Они вылезли из машины и подошли к большой заледенелой яме, по всей видимости, оставленной буровиками. Вокруг ямы натоптано, черно-красные пятна крови, кое-где закиданные снегом, но не до конца, в спешке. Сняли поясные ремни.

— А он не того?.. — спросил Смолин, скрепляя ремни в одну ленту.

— Какое… — махнул рукой Пантелеев, беря один конец ремней. — Он голову-то еле подымает…

На дне ямы лежал белый медвежонок и черненькими злыми глазками поглядывал на спускающегося Пантелеева. Когда тот протянул руку, медвежонок оскалился и глухо зарычал. Тогда Пантелеев сунул медвежонку варежку. Тот тут же закусил ее и принялся с ненавистью мотать из стороны в сторону.

— Бежал небось за мамашей да свалился… А может, нарочно приманили, — рассуждал Степа, стараясь ухватить медвежонка за шиворот. — Стал кричать, мать звать… Она, конечно, пришла. А ее…

Степа выбрался, держа мишку в вытянутой руке. Обошел кровавые пятна и положил его на чистый снег. Медвежонок был так слаб, что даже сидеть не мог, завалился на бок, Но варежку не выпустил.

Степа огляделся, подошел к кривому дереву, росшему чуть в стороне от всех. Ковырнул сапогом снег — выкатились картонные гильзы.

— ТОЗ-МЦ-21-12, — сказал Степа. — Четыре патрона в магазине. Пятый в патроннике, перезаряжается ударом пороховых газов.

— Ты у нас следопыт, Степа, — сказал Романцев, оглядывая место происшествия и о чем-то размышляя. — Ты у нас, Степа, «Кожаный чулок»…

— А ты кто? — обиделся Степа.

— Не обо мне речь, — сказал Романцев. — Ты лучше скажи: сколько их было и кто они?

— Трое… нет, четверо, — ответил за Степу Смолин, внимательно разглядывая следы.

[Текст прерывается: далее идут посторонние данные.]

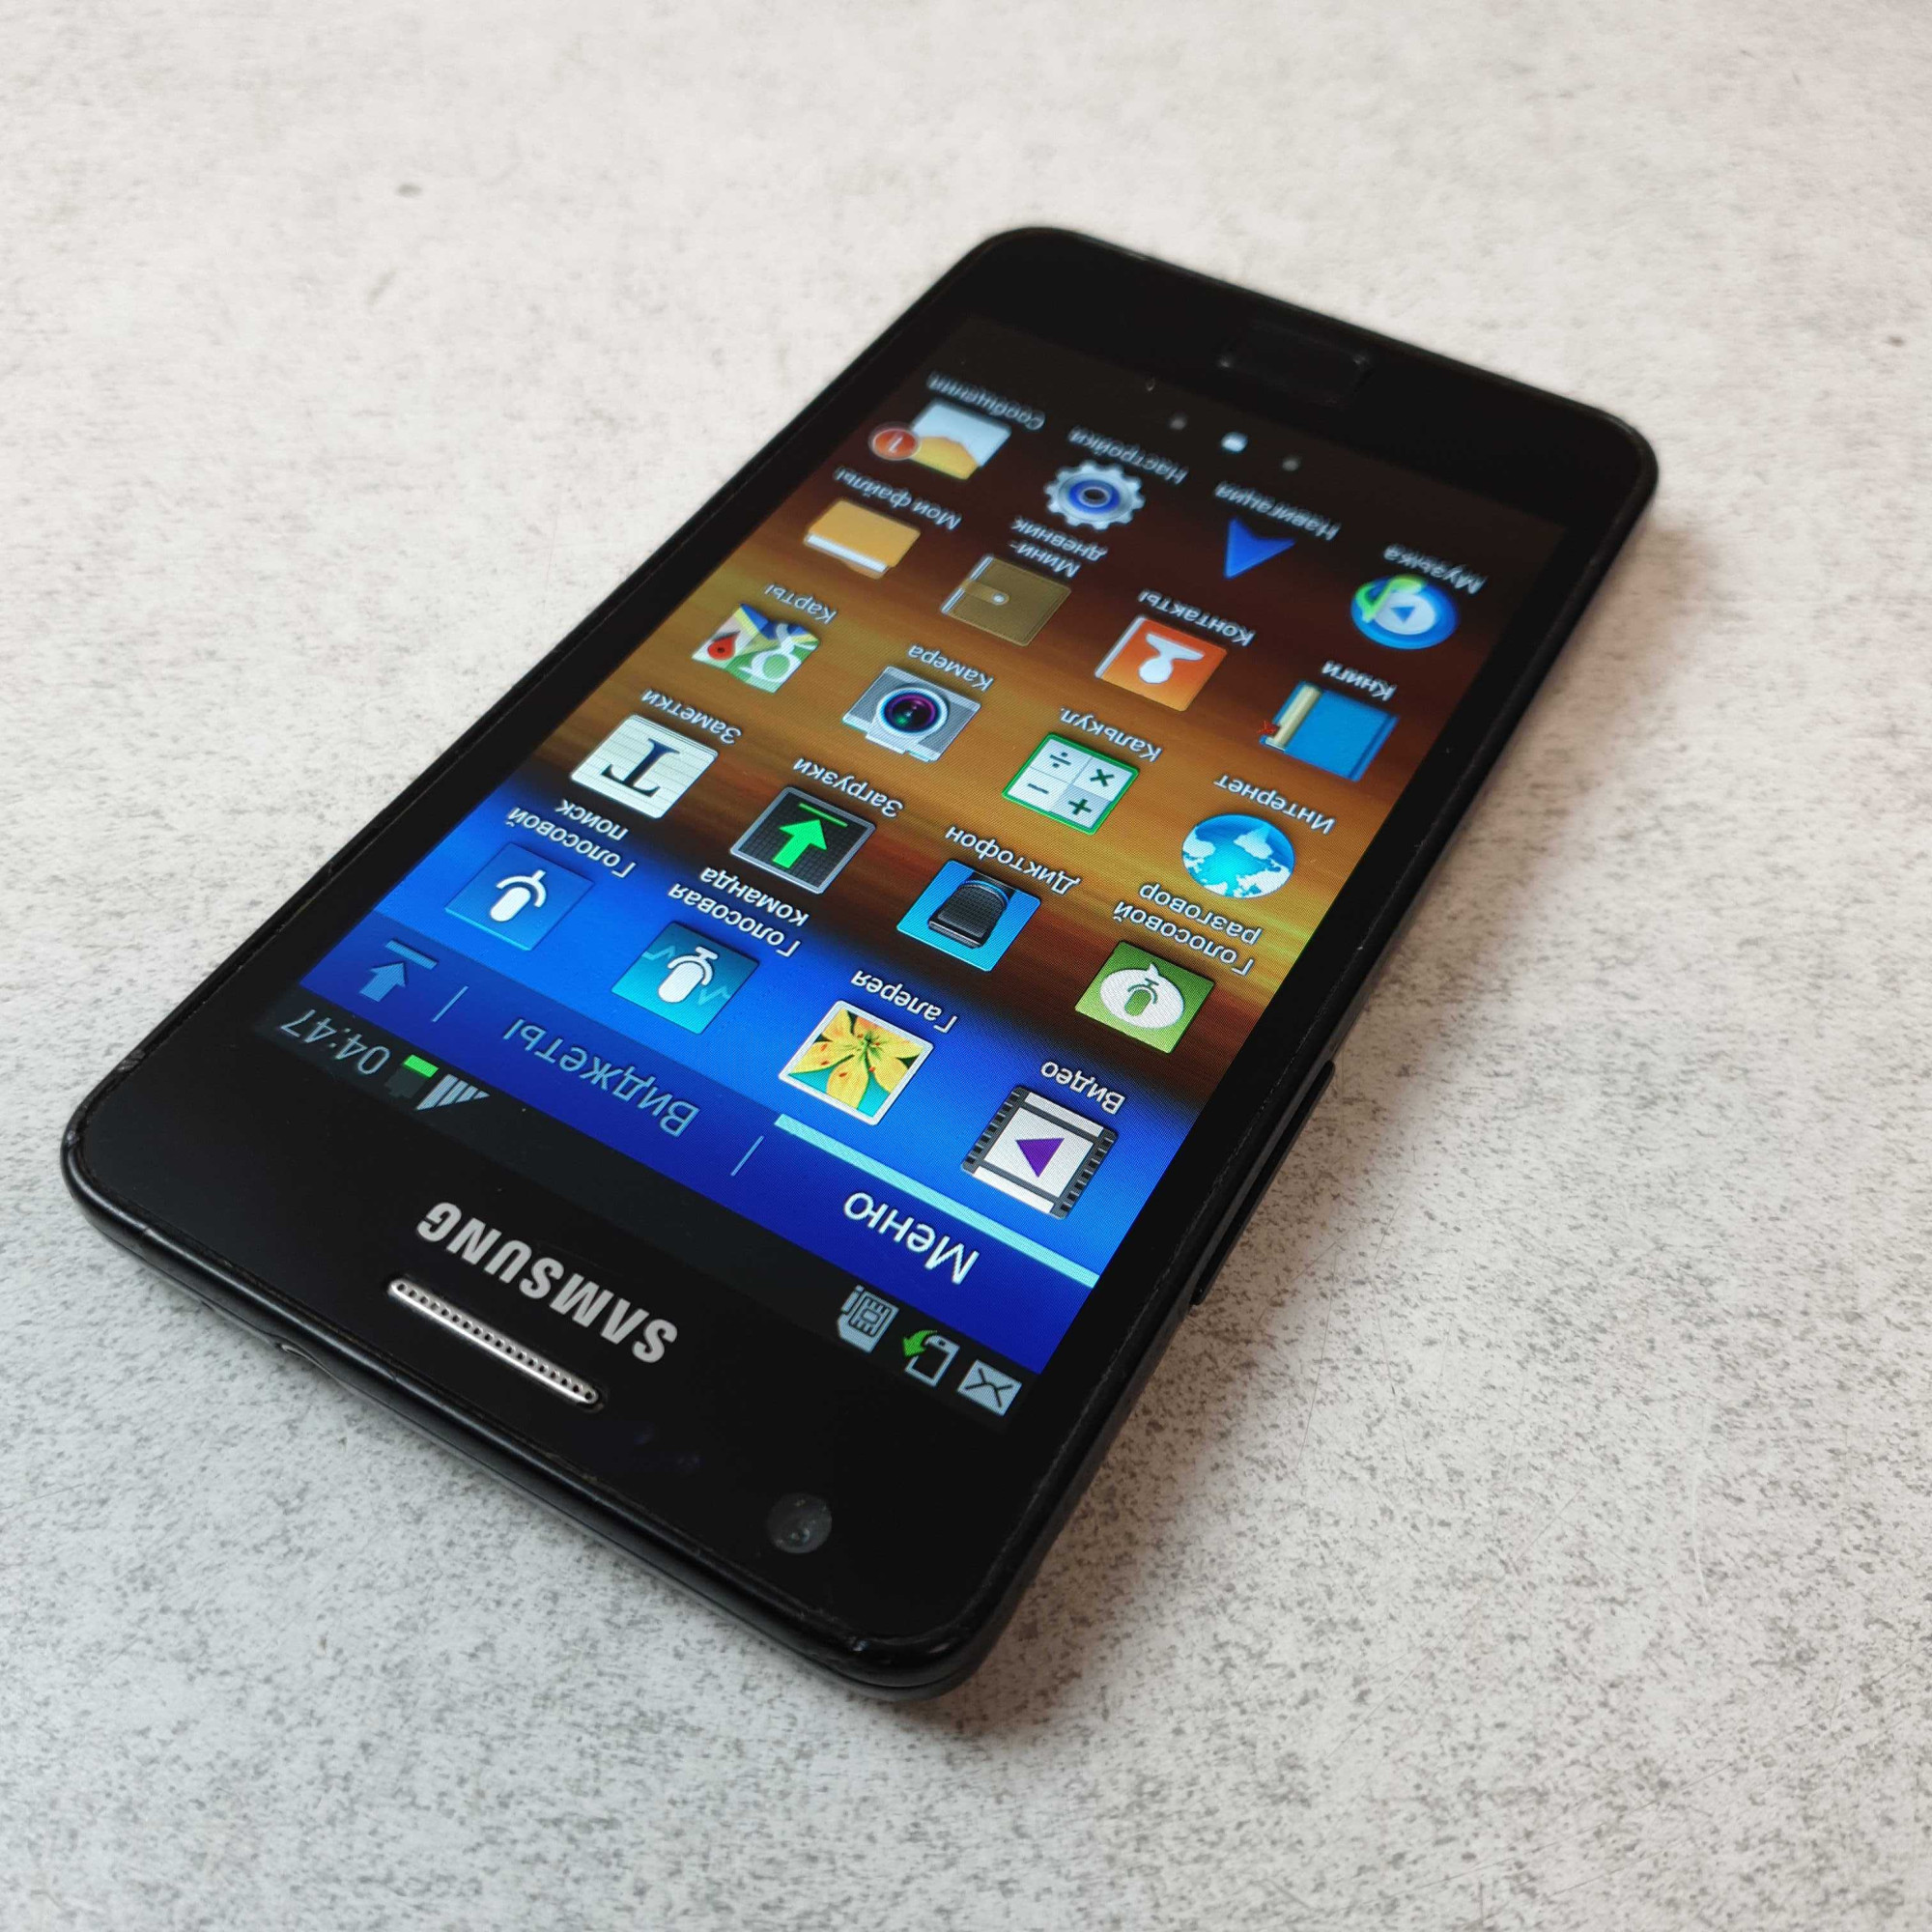 Samsung Galaxy S2 (GT-I9100) 1/16Gb  8

— Гады они, — добавил Степа.

— Сильно, но не точно, — голосом Николая Озерова проговорил Романцев и продолжал уже сам по себе: — Хотя одна деталька имеется. Тезку твоего, — сказал он Смолину, — они на шапку не взяли…

— Пошли, — сказал Смолин. — Тезку моего — в машину. Бывают же гады на свете.

* * *

Мело. Деревянное здание аэровокзала угадывалось шагах в пятидесяти по бледно-желтым пятнам зажженных окон.

На крыльце стоял каюр и, казалось, безучастно смотрел, как его ездовые псы ярились на аэродромного собрата, позвякивавшего тяжелой цепью. Лобастый, широкогрудый, он беззвучно скалил на них тяжелые желтые клыки. Словно улыбался страшной улыбкой, за которой ясно читалась смерть обидчику. И не одному.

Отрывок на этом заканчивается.